DNC detect an attempt to hack voter database: Someone tried to hack the Democratic National Committee – again.
The DNC, the formal governing body of the Democratic Party, told the FBI on Tuesday that it had discovered a “sophisticated attempt” by hackers to gain access to its voter database, according to CNN.
That voter database, held in a service called Votebuilder, includes sensitive information like addresses and phone numbers — likely of thousands of potential voters, donors, and more.
The hackers apparently created a fake website designed to look very similar to the real one that Democratic Party officials and campaigns use to log in to that database. The idea was that officials would try to log in to this fake page using their real usernames and passwords, thereby revealing that information to the hackers and enabling them to use it to log in to the real site and access the voter database. This tactic, called “spearphishing,” is one of the most common ploys hackers use to try to gain access to sensitive or private information.
The hackers even sent emails to DNC officials trying to get them to use the fake page.
The DNC only found out about the attack because a cybersecurity company in San Francisco called Lookout detected the fake website late Monday and alerted the company that hosts the DNC’s database. That company, DigitalOcean, says it took down the fake site “within hours.”
Lookout, which spotted the fake NGP VAN login page, says it quickly notified DigitalOcean, the site's hosting platform, and site was taken down "within hours."

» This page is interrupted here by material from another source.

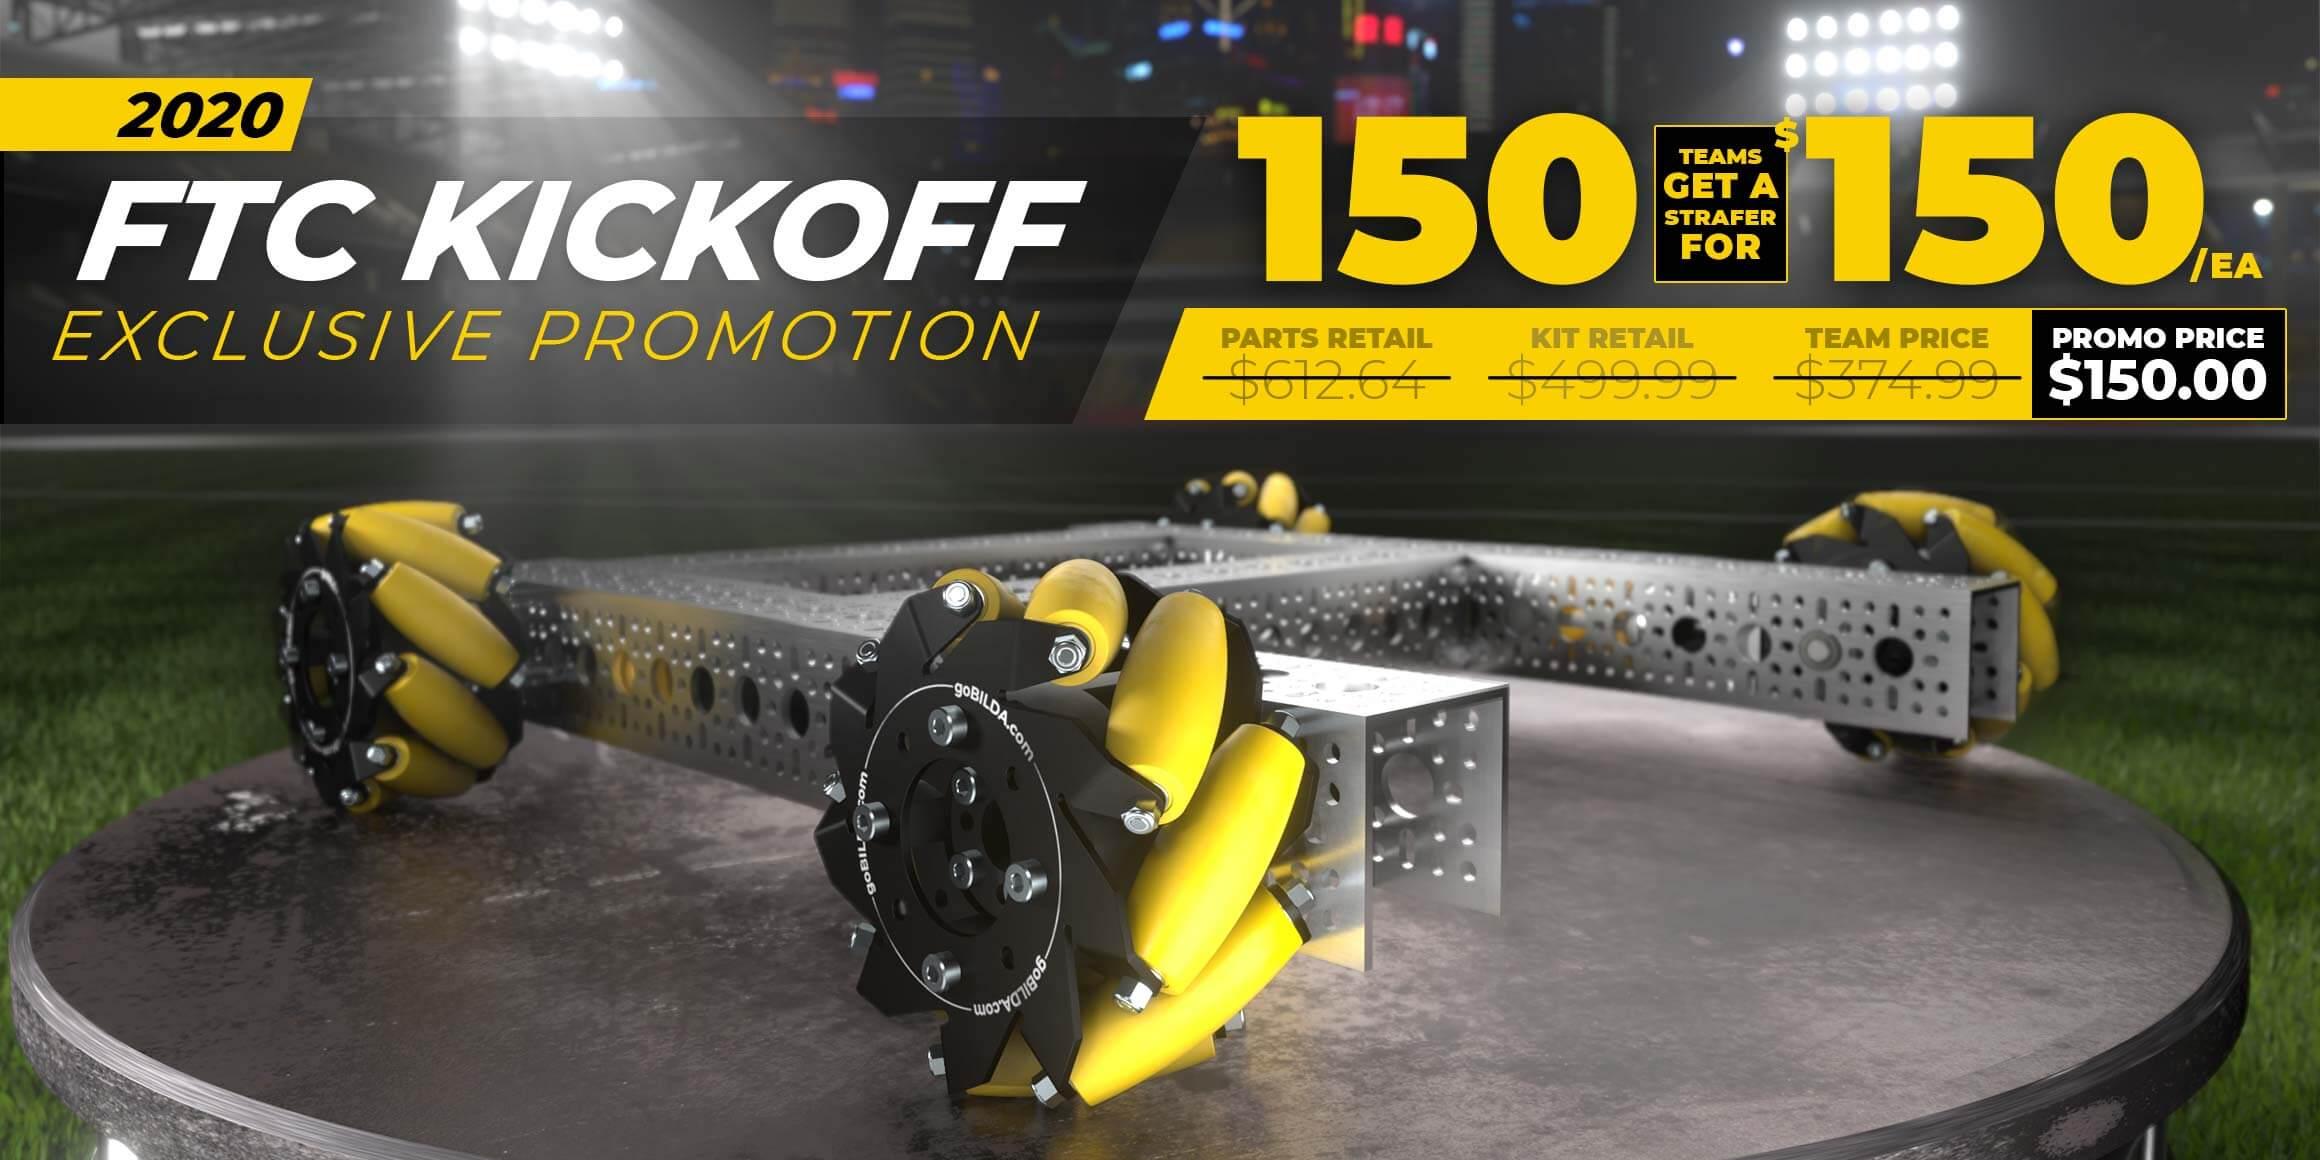 ftc-kickoff-2020-carousel-v2.jpg
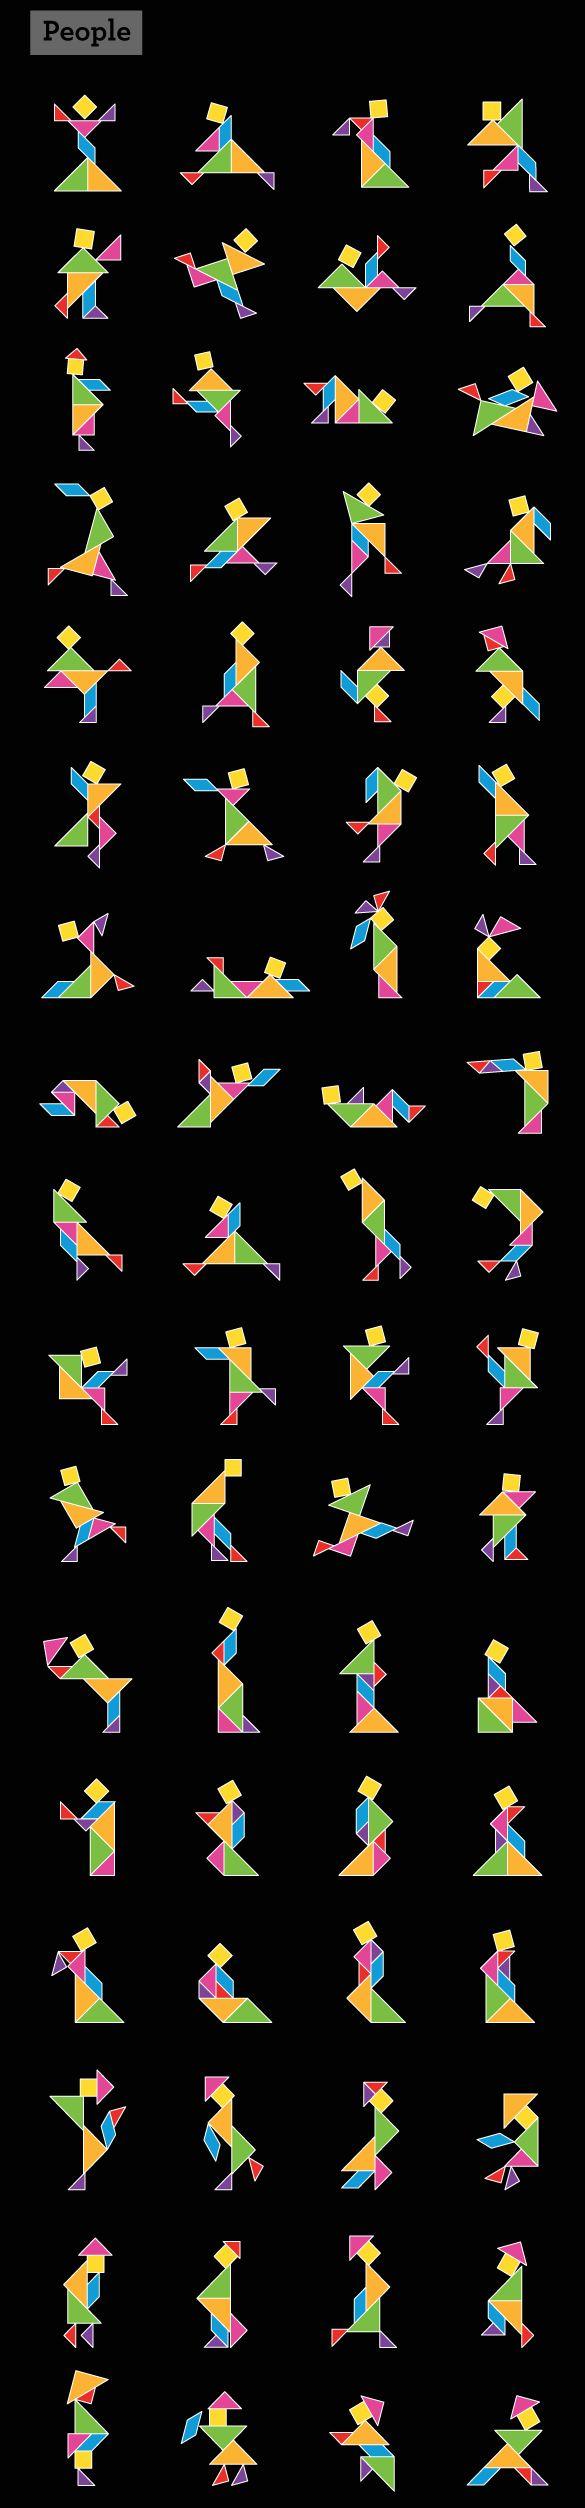 WALLS 360 BLOG » Wall Tangrams: Shapes Guide I (Multi-Color)

DigitalOcean confirms, says it was told early Tuesday morning. Also says it's working with the DNC and law enforcement. pic.twitter.com/X5GPUj2XH3
— Eric Geller (@ericgeller) August 22, 2018
CNN, citing an unnamed “Democratic source,” says the DNC doesn’t currently believe that the hacking attempt was actually successful and “has no reason to believe its voter file was accessed or altered.”
The DNC has reportedly contacted the FBI to let it know about the hacking attempt. For now, it’s unclear what action, if any, the FBI is taking in response, though DigitalOcean said in a statement that it is working with the “appropriate law enforcement agencies” on the matter. The DNC also said it was investigating who the culprit might be.
It’s a good thing Lookout found what it did. The fake website “was very convincing,” the company’s vice president Mike Murray told CNN, adding that “it would have been a very effective attack” if it hadn’t been spotted so quickly.
Related: New Russian hacking attempt
The DNC was a cyber target before — and it didn’t go well
If you feel like you’ve heard this story before, it’s because you have — but it had a much worse ending last time around.
As the New York Times has reported in detail, the FBI discovered that a hacking group linked to the Russian government had gained access to at least one computer at the DNC.
But when the FBI contacted the DNC in September 2015 to let them know, the organization’s tech-support contractor didn’t do much with the information beyond performing “a cursory search of the DNC computer system logs to look for hints of such a cyberintrusion.” In fact, it took a whopping nine months before DNC officials even held a formal meeting with the FBI about it.
That was too little, too late. Russian hackers ultimately had access to the DNC’s network for seven months before top DNC officials knew about the attack or hired anyone to combat it. During that time, the hackers stole countless emails and documents, later releasing them to the public to try to damage the Hillary Clinton campaign.
Clearly, the DNC has learned its lesson this time around, and it has moved swiftly to let the FBI know about the attempt. What’s less clear is whether the DNC can stay just as vigilant — and move just as quickly — when the next attack comes.